We use cookies. Read the Privacy and Cookie Policy

Белеет парус одинокий…

Великий инквизитор Испании Томас де Торквемада (1420-1498), широко прославившийся своей священной борьбой с еретиками, стал своеобразным «лицом Инквизиции», наряду с Крамером и Шпренгером. Торквемада с истинно христианским человеколюбием сжег на кострах 10 220 человек. Гораздо меньше известно другое — сколько человеческого материала «врагов народа» было использовано более рационально. Сжигание заживо эмоционально заслоняет от нас куда большее количество «общественно полезных» приговоров образовавшейся в Испании «экономической инквизиции». Например, тем же Торквемадой к ссылке на галеры было приговорено 97 371 человек. Именно на галерах должны были эти еретики искупать свою вину перед Господом.

Томас Торквемада был духовником инфанты Изабеллы Кастильской (той самой, которая гордилась тем, что мылась два раза в жизни, что духовник, несомненно, одобрял как истинное христианское благочестие). Будущий инквизитор принял большое участие в семейной жизни Изабеллы. В1469 году, тайно от брата Энрике, занимавшего тогда Кастильский престол, Изабелла в сопровождении Торквемады отправилась в Вальядолид, где ее обвенчали с Фердинандом, наследником Арагона. Так «друг семьи» Торквемада, как главный виновник этой унии, объединяющей два самых больших королевства Испании, получил в свои руки власть. Через двенадцать лет папа Сикст IV объявляет Томаса Торквемаду великим инквизитором Арагона и Кастилии.

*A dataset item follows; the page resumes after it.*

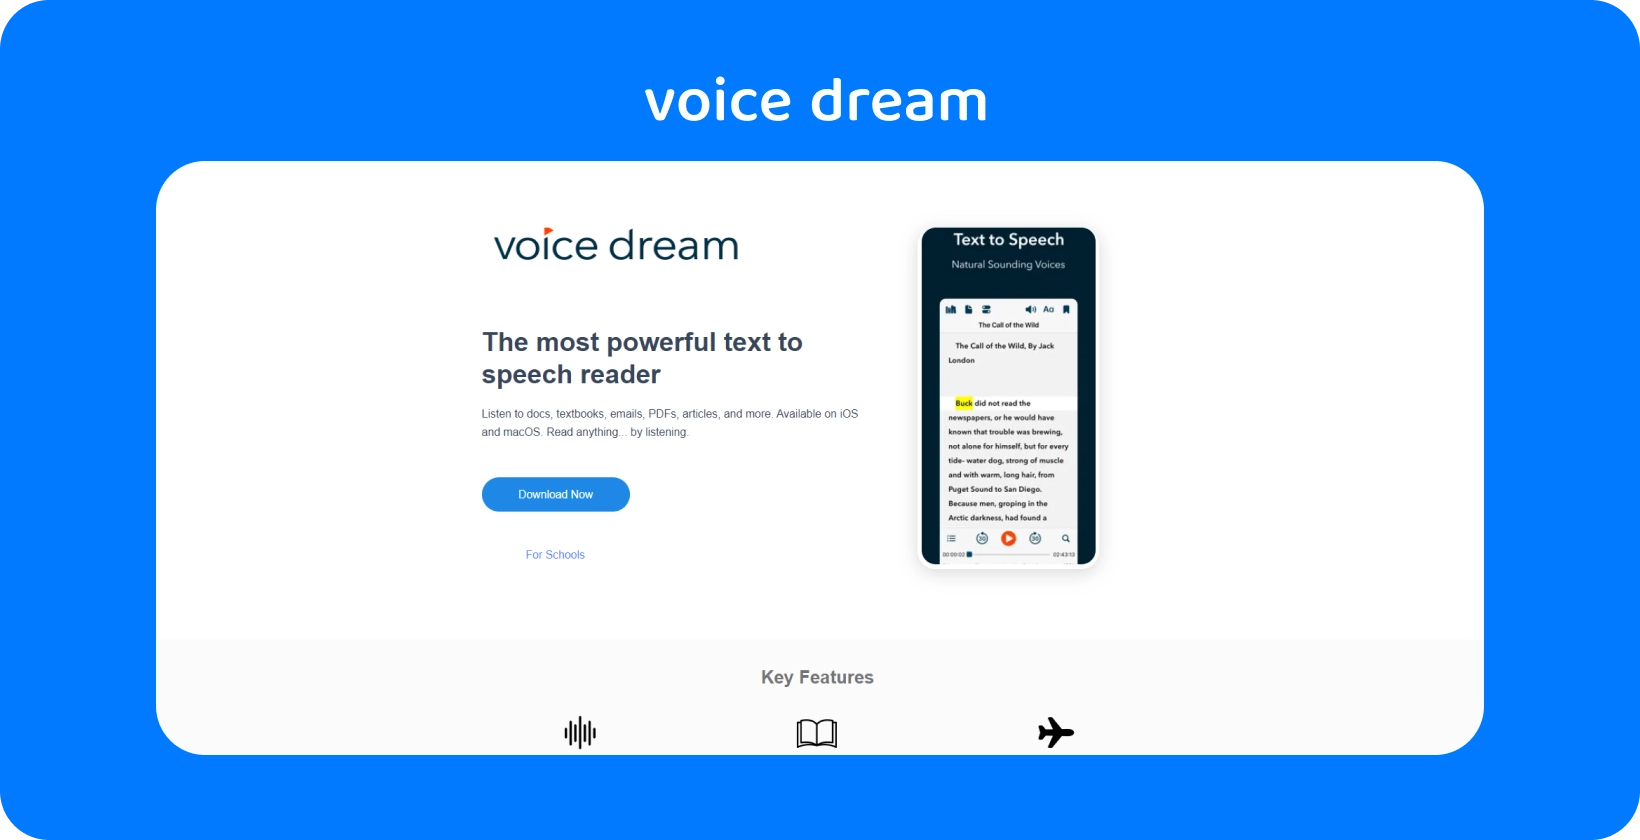 Voice Dream app interface showcasing a powerful text-to-speech reader for various documents on mobile devices.

В том же 1481 году Великий Инквизитор Торквемада собирает в Севилье генеральную хунту инквизиторов, где разрабатываются ее, инквизиции, законы. Вопросы финансирования решаются просто, на основе самоокупаемости — жалование инквизиторов выплачивается из кассы трибунала, которая в свою очередь пополняется за счет конфискаций имущества еретиков. Правительству за «крышу» производится «откат» в размере трети этих поступлений. Вот так все просто. Тем временем король Фердинанд придумывает, куда обобранных еретиков девать — ведь всех жечь не рационально, только дрова тратить. Так новый глоток жизни получают испанские галеры — любимое детище короля Фердинанда. Учрежденные как экономическое наказание, галеры быстро стали использовать дешевый ресурс рабочей силы каторжников в условиях, когда классический рабский труд уже не применялся. Фердинанд был осторожен — недаром Макиавелли в своей книге «Государь» объявил его образцом всех государей, желающих увеличить свою власть. Поэтому он не опасался силы Инквизиции, ибо уже заблаговременно создал свою альтернативу — полицейское ополчение, подчиненное исключительно королю, основанное на братстве «Святая Эрмандада» (исп. Santa Hermandad). Араз сила есть, то со временем Фердинанд стал накладывать лапу на две трети дохода Инквизиции. Святые Отцы и сам Папа скрежетали зубами, но поделать ничего не могли. Для сохранения дохода у них оставался только один метод — им приходилось ловить все больше «еретиков». Королю же множество таких важных государственных дел не оставляло времени на гигиену (да и жена бы умывание не одобрила), и в результате он умер от педикулеза.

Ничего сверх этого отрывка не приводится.